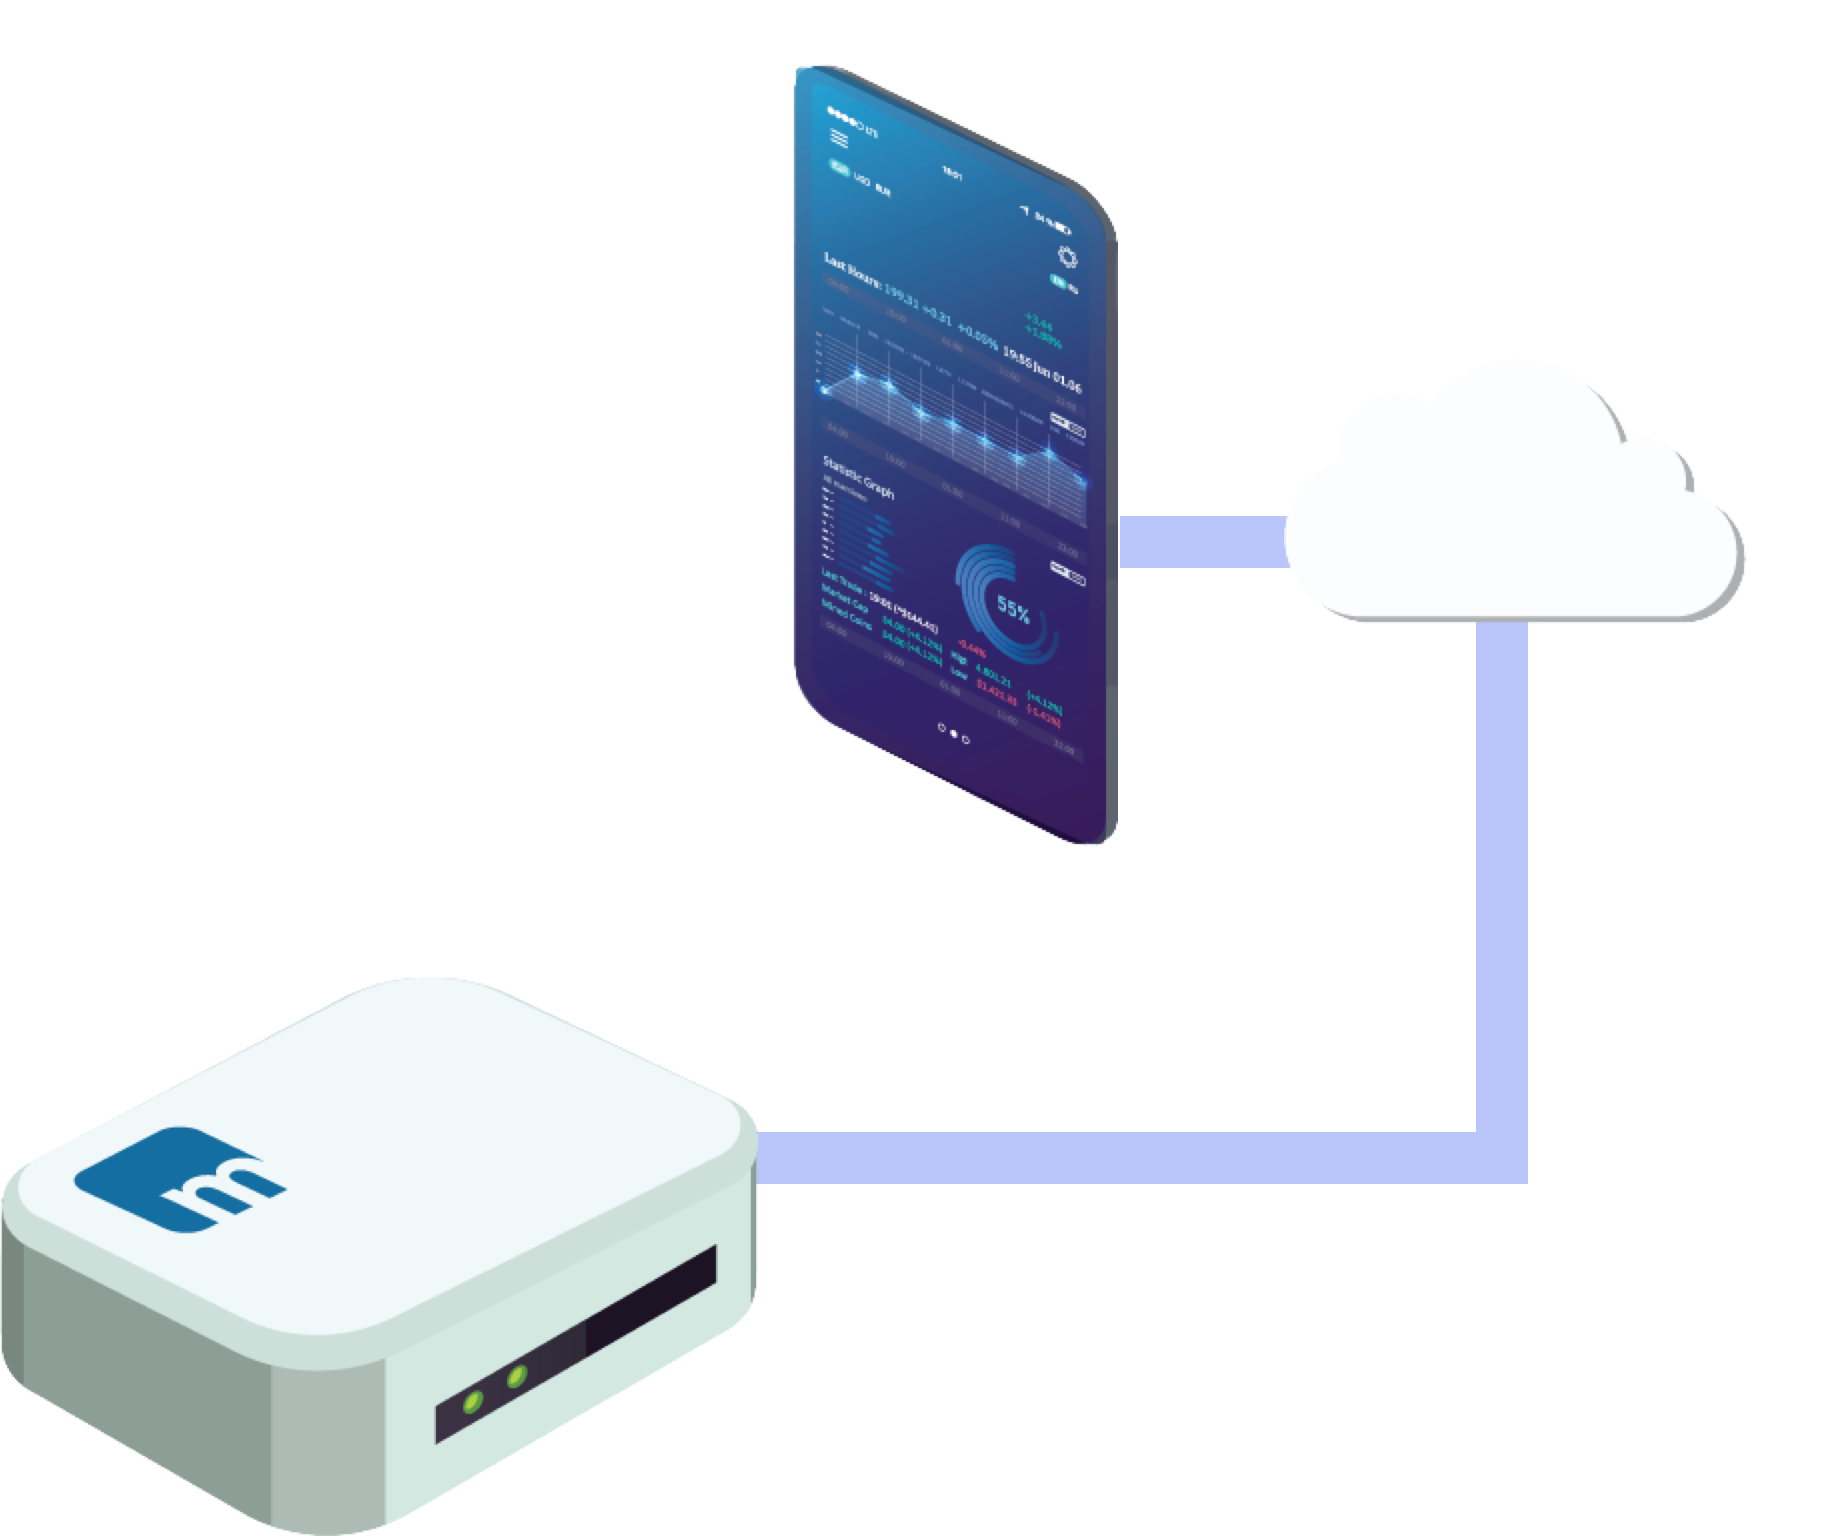 Secure Remote Access and Control of Your IoT Devices
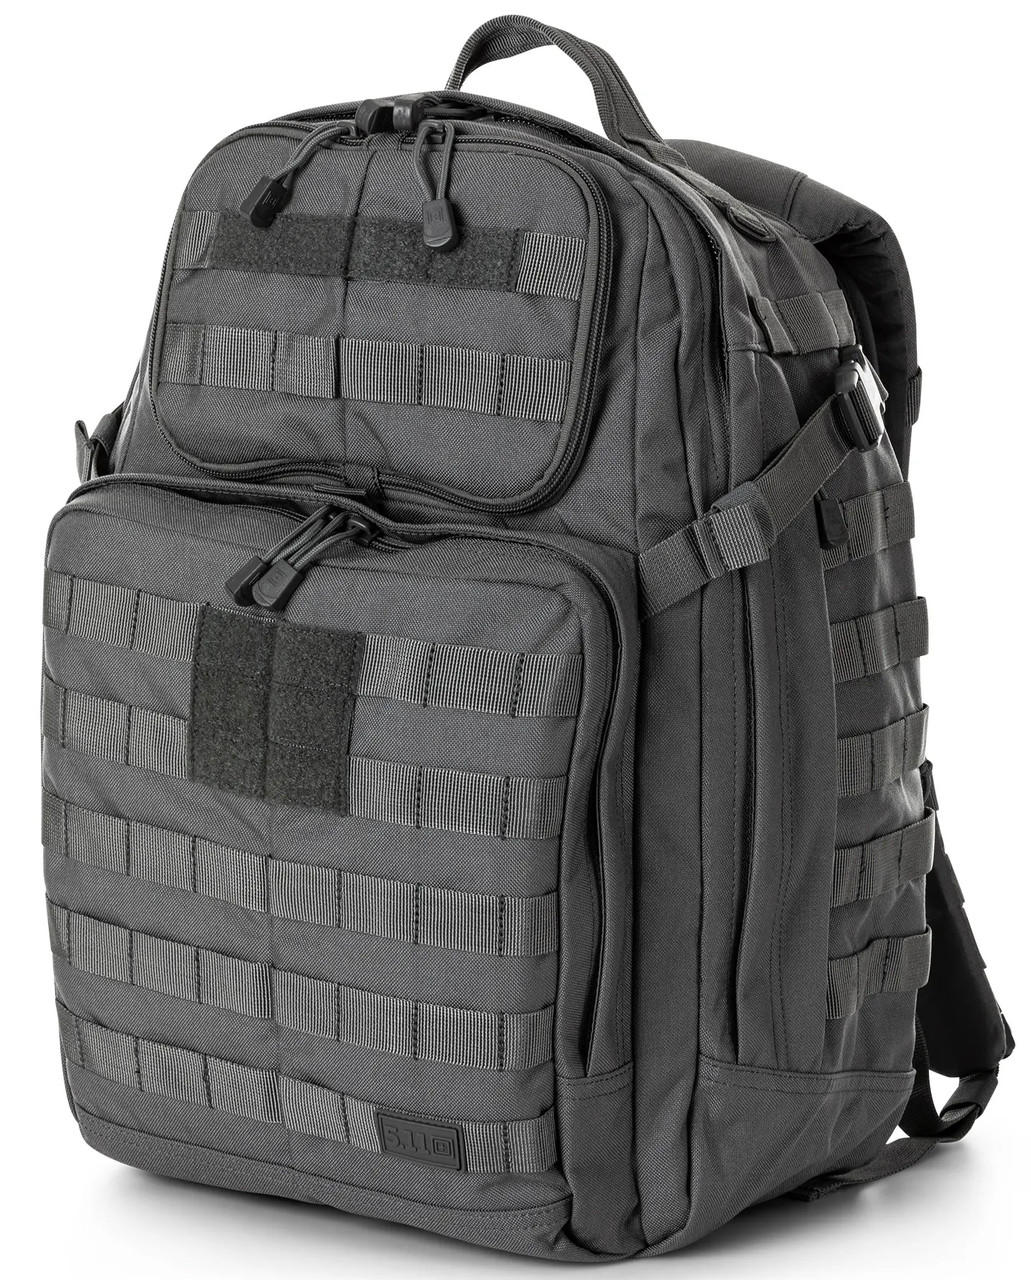  5.11 Tactical Backpack, Rush 24 2.0, Military Molle Pack, CCW  and Laptop Compartment, 37 Liter, Medium, Style 56563, Black : Sports &  Outdoors
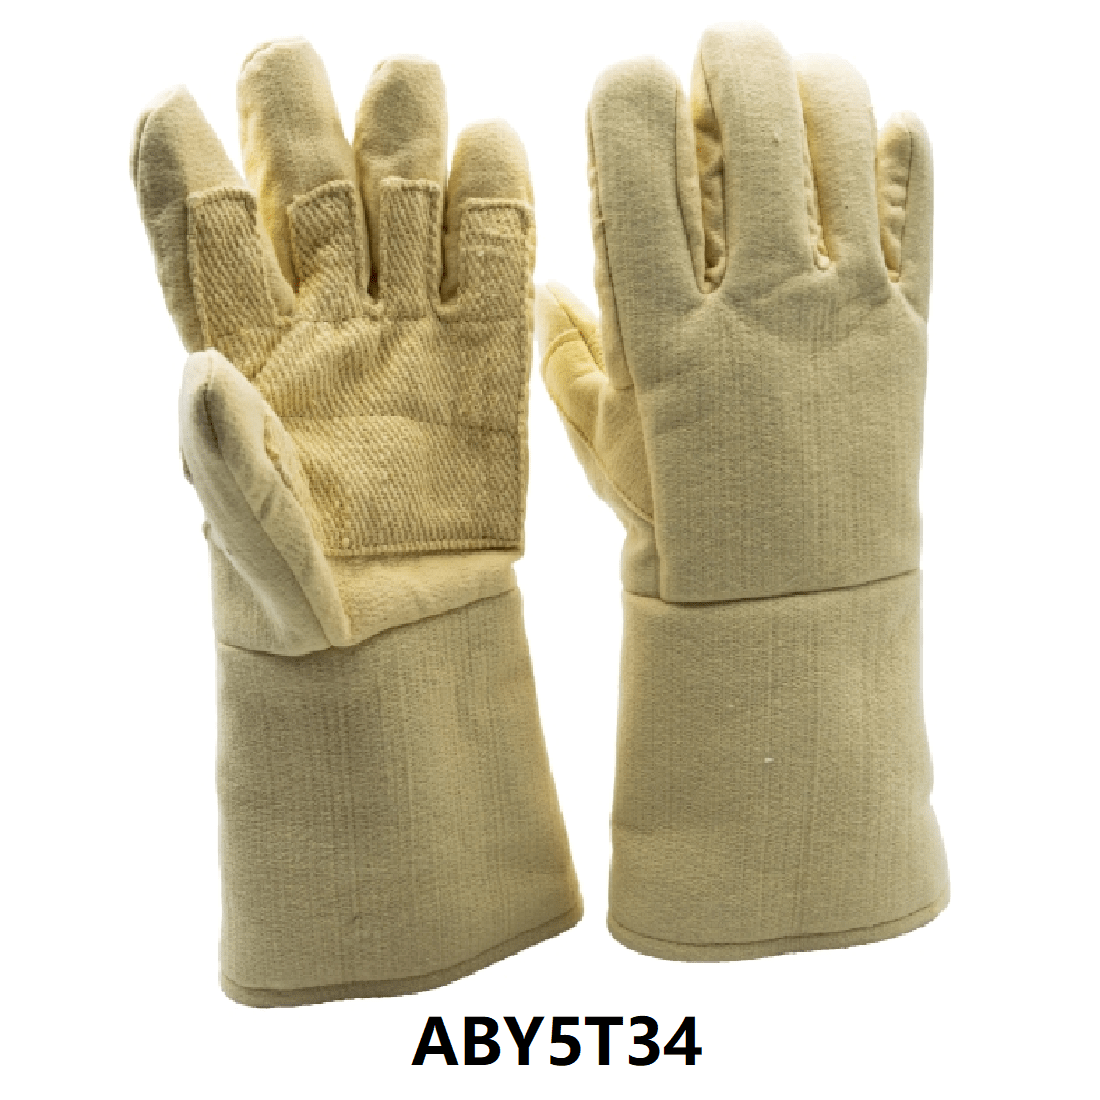 MTP anti-cut level 5 glove for summer with high breathability
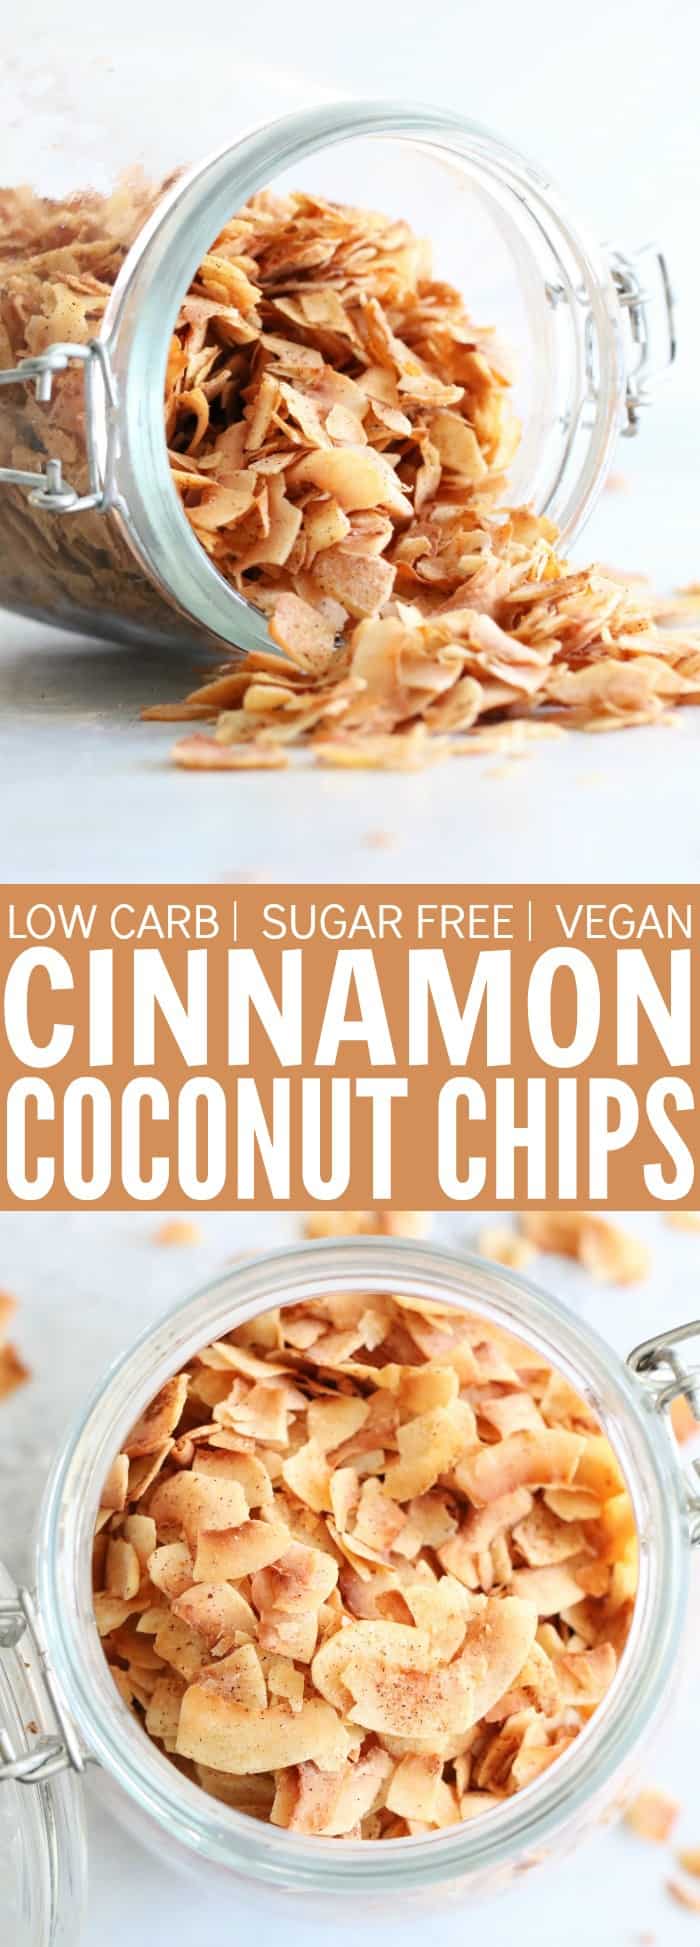 These sweet Cinnamon Coconut Chips are the perfect snack or topping for your smoothie or ice cream! They refined sugar free, vegan, paleo, and gluten free! thetoastedpinenut.com #coconut #chips #glutenfree #dairyfree #paleo #snack #lowcarb #cinnamon #thetoastedpinenut

********************

Copy the data character for character, but drop all pictures from the copy.

 Secure Remote Access and Control of Your IoT Devices
  5.11 Tactical Backpack, Rush 24 2.0, Military Molle Pack, CCW  and Laptop Compartment, 37 Liter, Medium, Style 56563, Black : Sports &  Outdoors
 MTP anti-cut level 5 glove for summer with high breathability
 These sweet Cinnamon Coconut Chips are the perfect snack or topping for your smoothie or ice cream! They refined sugar free, vegan, paleo, and gluten free! thetoastedpinenut.com #coconut #chips #glutenfree #dairyfree #paleo #snack #lowcarb #cinnamon #thetoastedpinenut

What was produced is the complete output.